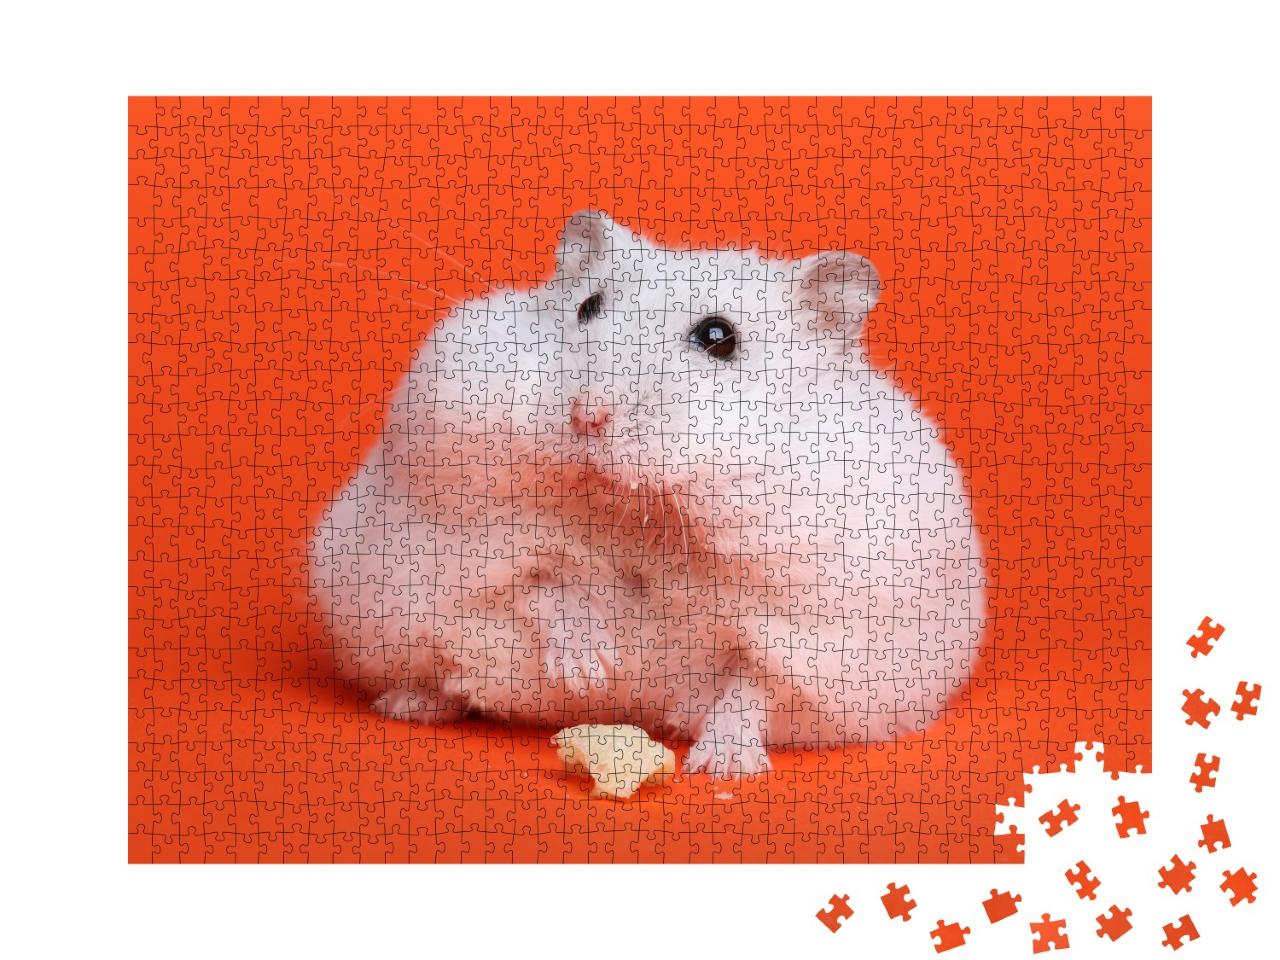 Puzzle de 1000 pièces « Hamster blanc duveteux »
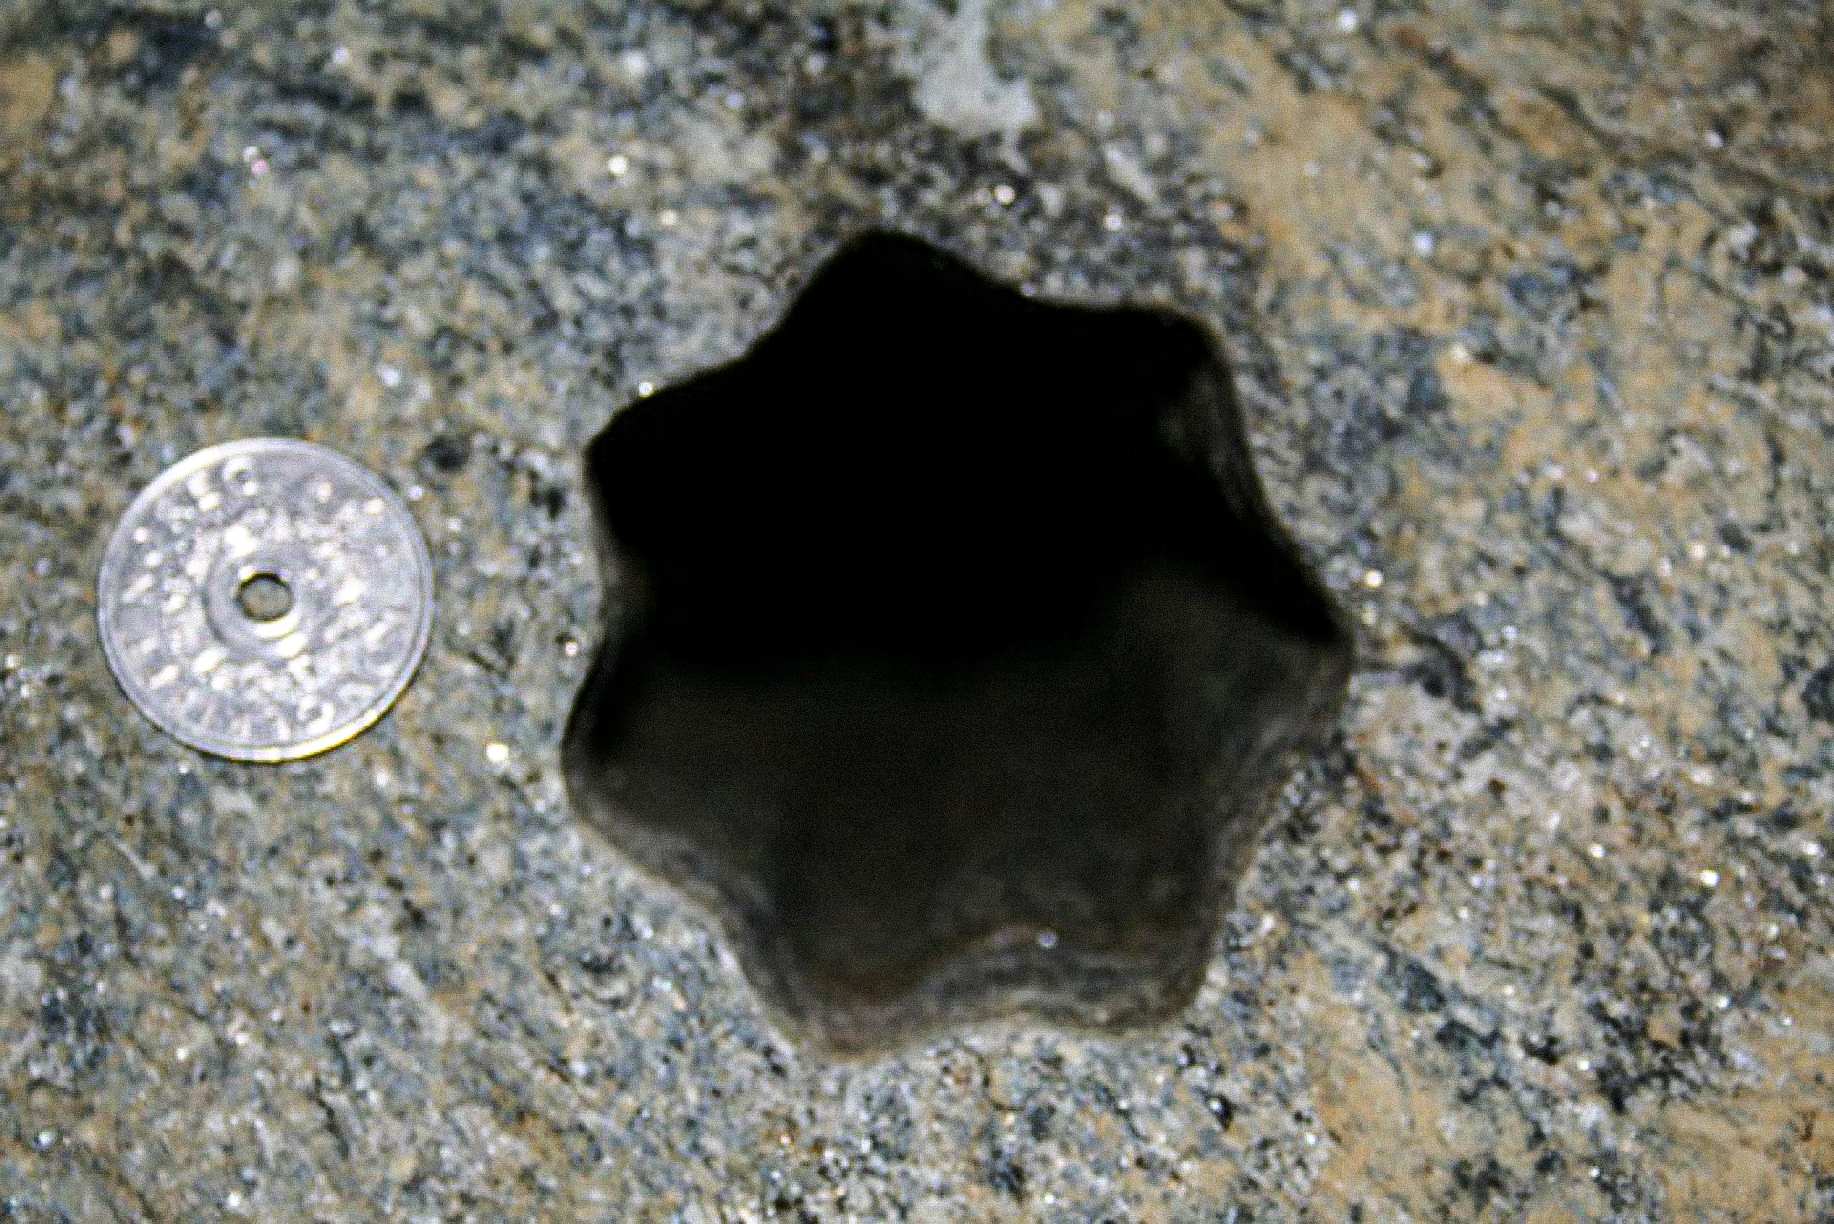 Selle tähekujulise augu (seitsme küljega) leidsid töövõtjad reedel, 30. novembril 2007 Norras Voldas. Norra 5-kroonise mündi läbimõõt on 25 mm. Ava läbimõõt on umbes 65-70 mm.
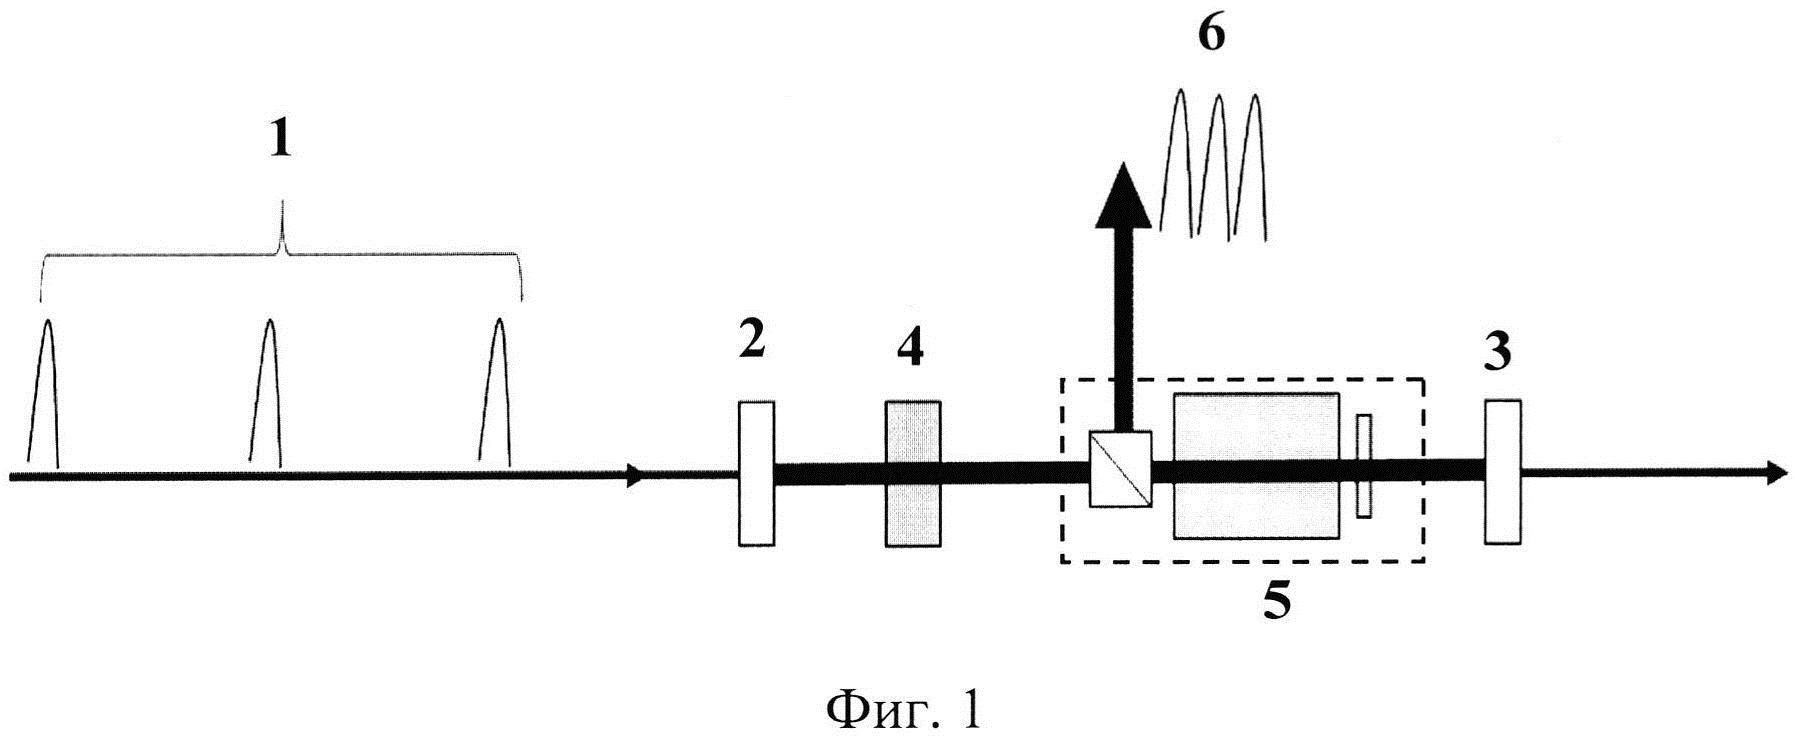 Способ увеличения частоты следования ультракоротких высокомощных лазерных импульсов в ограниченной последовательности
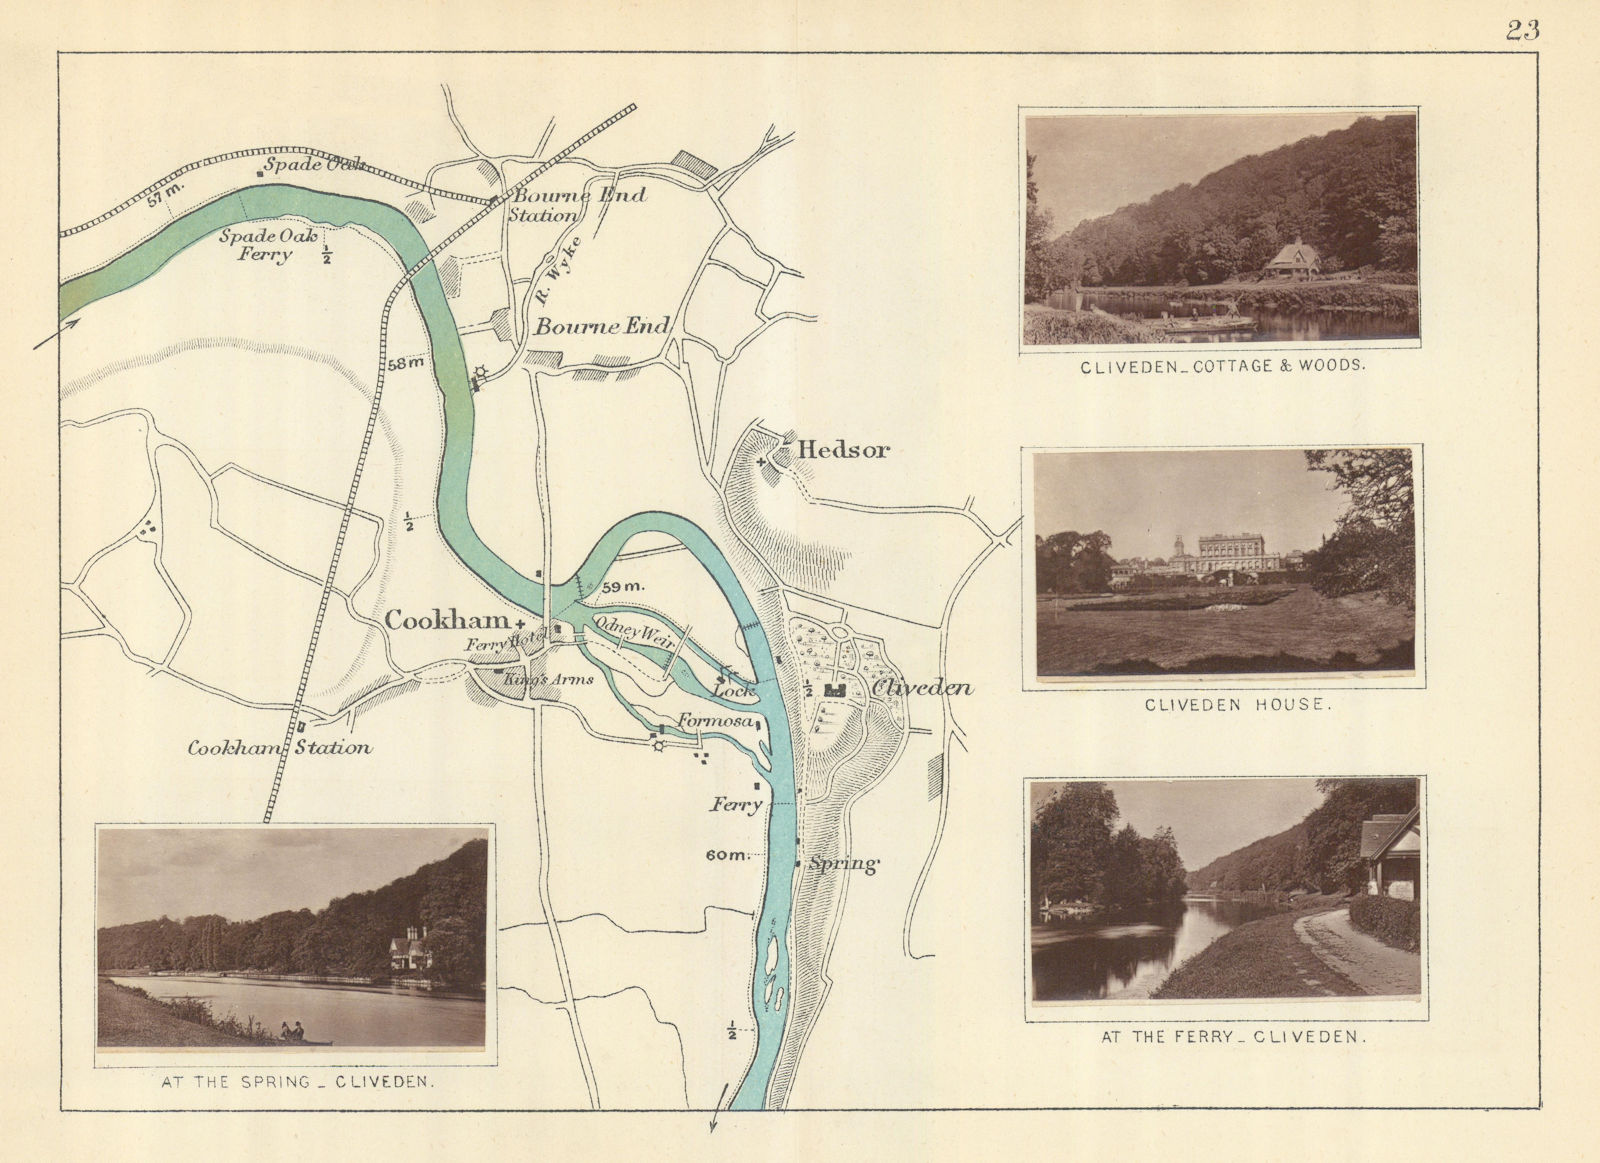 RIVER THAMES - Bourne End - Cookham - Hedsor - Cliveden. TAUNT 1879 old map

[REQUIRED ACTION]: Your copy should match the listing exactly, apart from the pictures it leaves out.

[RESPONSE]:
 Puzzle de 1000 pièces « Hamster blanc duveteux »
 Selle tähekujulise augu (seitsme küljega) leidsid töövõtjad reedel, 30. novembril 2007 Norras Voldas. Norra 5-kroonise mündi läbimõõt on 25 mm. Ava läbimõõt on umbes 65-70 mm.
 Способ увеличения частоты следования ультракоротких высокомощных лазерных импульсов в ограниченной последовательности
 RIVER THAMES - Bourne End - Cookham - Hedsor - Cliveden. TAUNT 1879 old map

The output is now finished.